Dad had said the expected and inevitable things — We’ll be glad to see her, won’t we? He’d gone on about tiredness in women and the need for pleasant resting and a quiet house and Jon being a good boy for ever to keep the Sigurdsson household free of further tiredness. Jon had not exactly seen, but certainly perceived this threat of illness in his mother as a kind of smoke, black and thick around everyone’s ankles, eager to trip them up. We’ll all go to the pictures tomorrow, would you like that? Other treats were suggested as possibilities — Jon’s mother not being herself exactly a treat — and every offer was only a promise that showed what came next was going to be appalling.

Inverness Station was where, for the first time, Jon had been able to watch while what someone said and what was the truth were peeled right apart from each other, like skin from muscle, like muscle from bone. This was proper lying, important and adult lying.

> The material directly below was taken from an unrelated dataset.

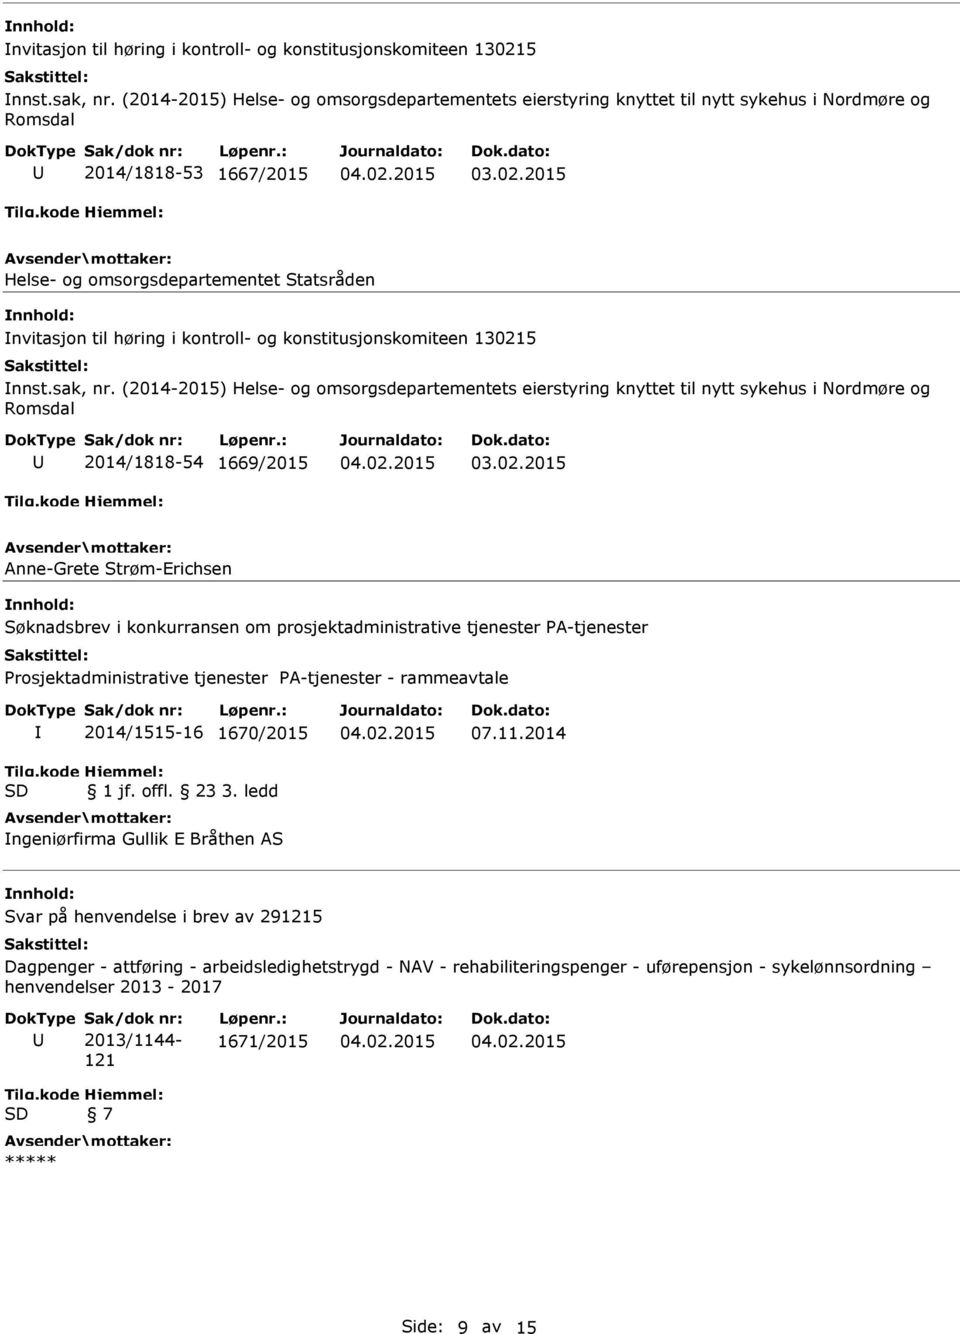 omsorgsdepartementets eierstyring knyttet til nytt sykehus i Nordmøre og 2014/1818-54 1669/2015 Anne-Grete Strøm-Erichsen 2014/1515-16 1670/2015 ngeniørfirma Gullik E Bråthen AS 07.11.

This was the kind of lying that meant reality hung about them in sticky shreds and that it was ugly and made no sense.

Dad’s face smiling but not happy and his hand being almost violent around mine and I was thinking that we’d enjoyed ourselves while we were being alone together and that it had been different from how it was with Mum in a way that I’d liked — different from the stuff before which I couldn’t quite remember, but which was bad. Dad told me the badness would never happen again. He told me so unconvincingly that it was almost not a lie. Mum always brought the badness in with her — we knew that. We couldn’t please her. We did try. I did try.

Dad told me how wonderful everything would be. His eyes were frightening while he spoke to me, because they looked scared and that made me scared. He dropped us both inside the whale, let us be Jonahed.

I am the spineless son of a spineless man.

Jon had done what his father plainly wanted and believed several unbelievable things, as hard as any heart could. There on Inverness Station, he had agreed that sadness would be happiness and badness would be right and that all would be well. Because Jon was a child then and children understand such matters absolutely, he had been certain that make-believe never works.

Jon had caught sight of his mum — one little case with her, small and serious woman, wiry, and approaching him along the round-shouldered, metal perspective of the train. The big carriages, just arrived, seemed to be lending her stability. When she reached him, Jon was already crying. The tears had been open to multiple interpretations and had therefore suited the occasion.

She will be here. Meg will be here. She almost, mostly said that she would. I asked her to.

Please.

A dog howl of wanting her lacerates along his spine. He paces for a while to create a distraction, his feet paddling at the unfriendly floor, seeming bizarre. The whole building offers him far too many opportunities to see himself, reflections of reflections.